Pigeon pose may feel uncomfortable at first, so aim for slow progress. Eventually, you will have the ability to put your chest on the floor for a full stretch that provides great relief.

Makara Adho Mukha Svanasana (Dolphin Plank)

Running primarily strengthens your leg muscles (hamstrings, quadriceps and calves). However, it doesn’t challenge your core muscles, which might become a problem when you want to add more distance to your long runs. Without a strong core, you can’t maintain good running form.

Yoga has a lot of poses that can strengthen your core muscles. Few of them work better than the Makara Adho Mukha Svanasana (dolphin plank).

Dolphin plank is a modified version of the standard plank position. Instead of putting your palms on the floor, you put your weight on your forearms. This minor adjustment forces your abdominal muscles to work harder. The pose also strengthens your lower back, chest and hamstrings.

Vrksasana (Tree Pose)

Vrksasana (tree pose) is one of the most popular positions in yoga because it works every part of the lower body and improves your balance. It will build your glutes, hamstrings and calves.
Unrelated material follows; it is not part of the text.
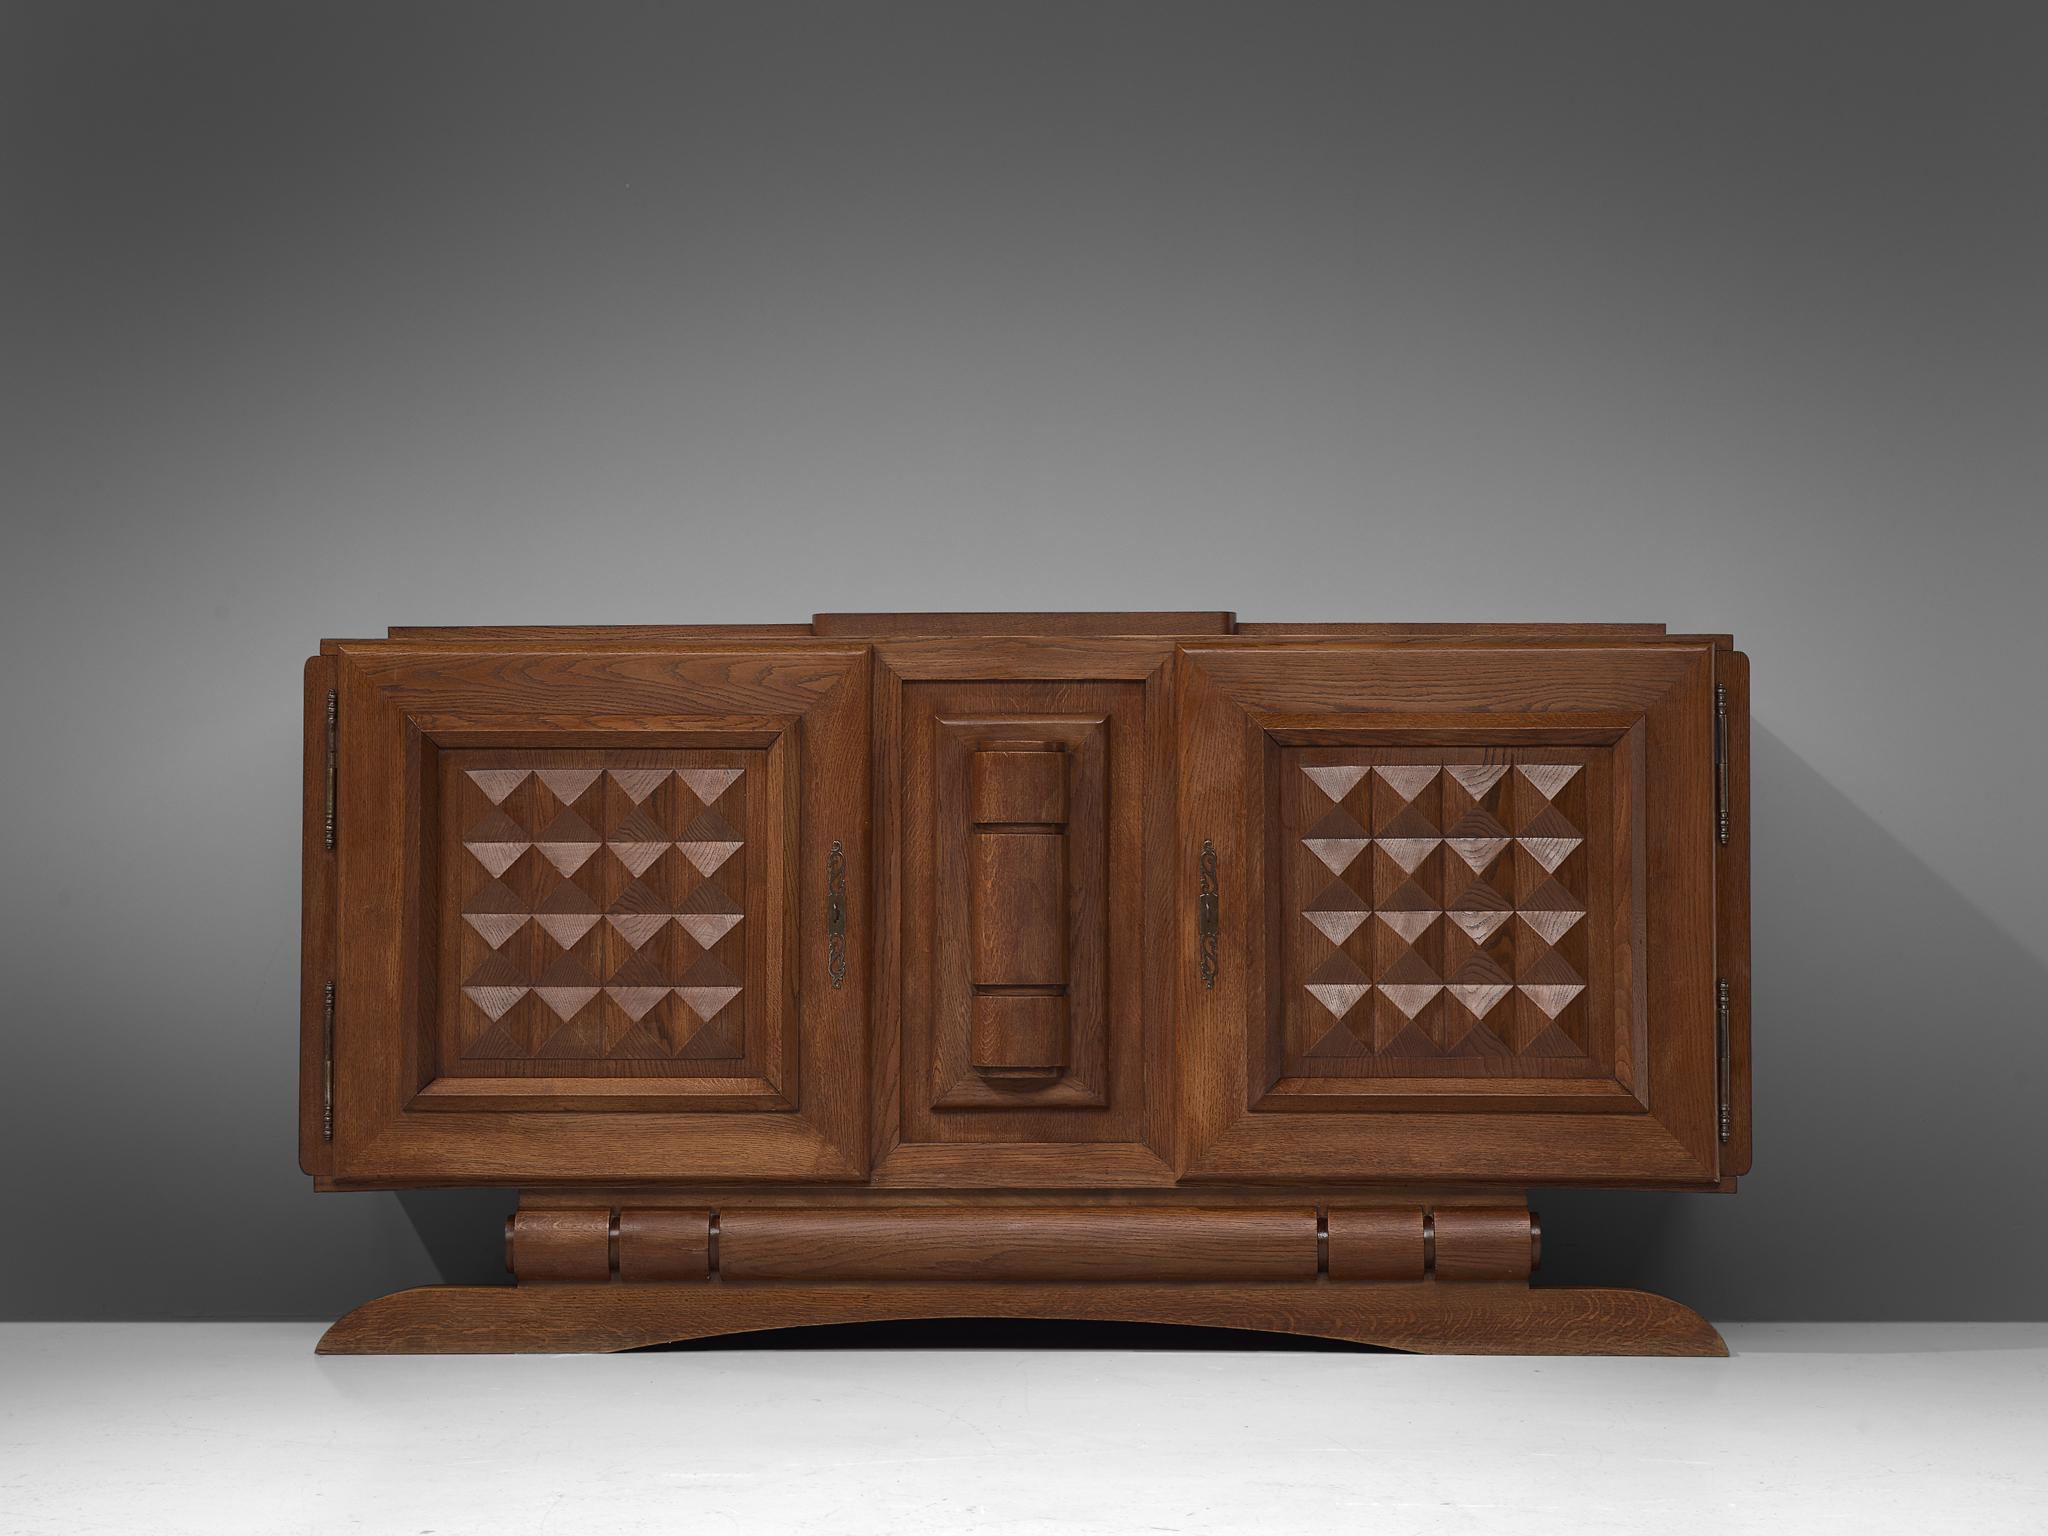 Credenza, stained oak, France, 1940s

Sturdy sideboard in oak with graphical door panels. The sideboard is equipped with several shelves behind the two doors that are finished with a graphical inlay. The door panels and base details are stunning and

Tree pose even strengthens muscles in the feet. When you balance on one leg for 30 seconds or more, your active foot has to do a lot of work. Oddly enough, a lot of runners don’t think about strengthening their foot muscles until they get hurt.

Virabhadrasana III (Warrior III)

Virabhadrasana III (warrior III) gives you a full-body workout that can take years to master. You’ll get some benefits even if you can only hold the pose for a few seconds.

Runners should incorporate warrior III into their workouts because it strengthens muscles in the core, legs and feet. You will also improve your shoulder and chest strength, which many runners lack because they spend so much time working on their legs.

Doing yoga a couple of times per week gives your body a break from the pressure of running. In return, it improves your body so you can perform better when you hit the road, track or trails.